God willing, I will be wife to you again. But meantime, my love, I

know your man’s need. I know you to be a hot man. Meet your need for

women as best you may, Robert. I wed you knowing that need. But of a

mercy do not tell me of it. I am foolish. You have my understanding

in this. But scarce my blessing. Take who you will my, Robert-but oh

my heart, love only your

ELIZABETH

That last line and signature was scarcely decipherable, a straggling scrawl, blotted and tailing away. The reading of it brought quick tears to the man’s own eyes.

Long Bruce sat, on the sub-Prior’s bed, with that letter in clenched hand, motionless, though sometimes his lips moved, and once or twice he groaned a little. From below, the sound of music and revelry rose faintly-strange sounds from a monastery.

Then he stiffened as another sound came close. There was a brief knock at the door, and Christina MacRuarie opened it. She stood there slightly flushed but looking very handsome.

The King looked at her, but scarcely saw her.

“You read your letter again, rather than dance? Or even sleep?”

she demanded.

“Are bishops’ letters so much to your taste?”

“It is from my wife,” he said slowly.

“Elizabeth.”

“Oh,” She stared, biting her red lip.

“Your pardon. She … the Queen? She is well?”

He inclined his head.

“Then, Sire, I think … that you will not be requiring me?
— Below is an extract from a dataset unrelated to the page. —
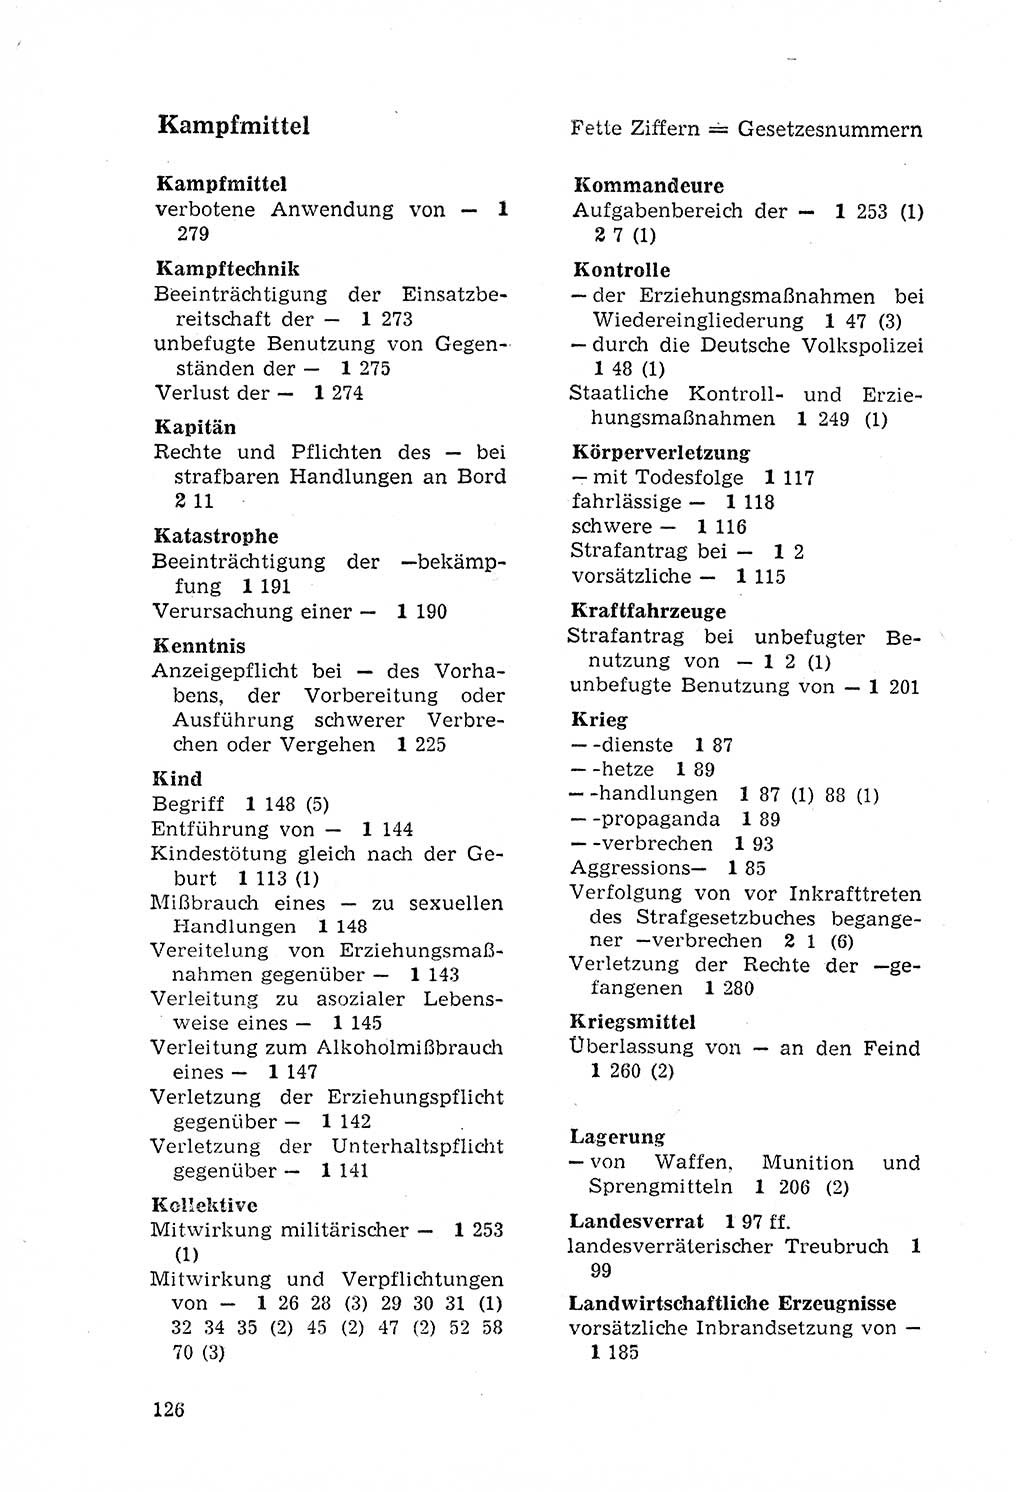 Strafgesetzbuch (StGB) der Deutschen Demokratischen Republik (DDR) 1968, Seite 126 (StGB DDR 1968, S. 126)

This night?”

“I thank you-no,” he said.

“A … a goodnight to you, Christina.”

She shook her head, and in those darkly vivid eyes was a strange expression, compounded of pain and pity, regret and a deep understanding.

And something more. Without a word she turned and left him there.

Chapter Thirteen

The singer’s voice rose strong, clear, tuneful, yet with a haunting sadness, to pause on a rising, questioning note that was at once and strangely both plaintive and challenging, a note that was allowed to die away into the blue hush of the night and merge with the lap lap of the wavelets on the loch shore and the sigh of air in the scattered Scots pines whose sturdy gnarled trunks redly reflected the glow of the camp-fires. Quivering, the composite liquid sound seemed to soar away over heather and water, for long breathless moments before the tremendous, fiercely positive refrain crashed out again from a thousand throats, yet in perfect unison and unbroken melody. Robert Bruce shivered, though not with cold, as his mother’s Celtic blood responded to the ancient magic of it, even though he understood only a little of the distinctively West Highland Gaelic of the saga’s wording. Words are by no means essential to emotion, especially of a summer’s night amongst the endless mountains that throng long Loch Ness.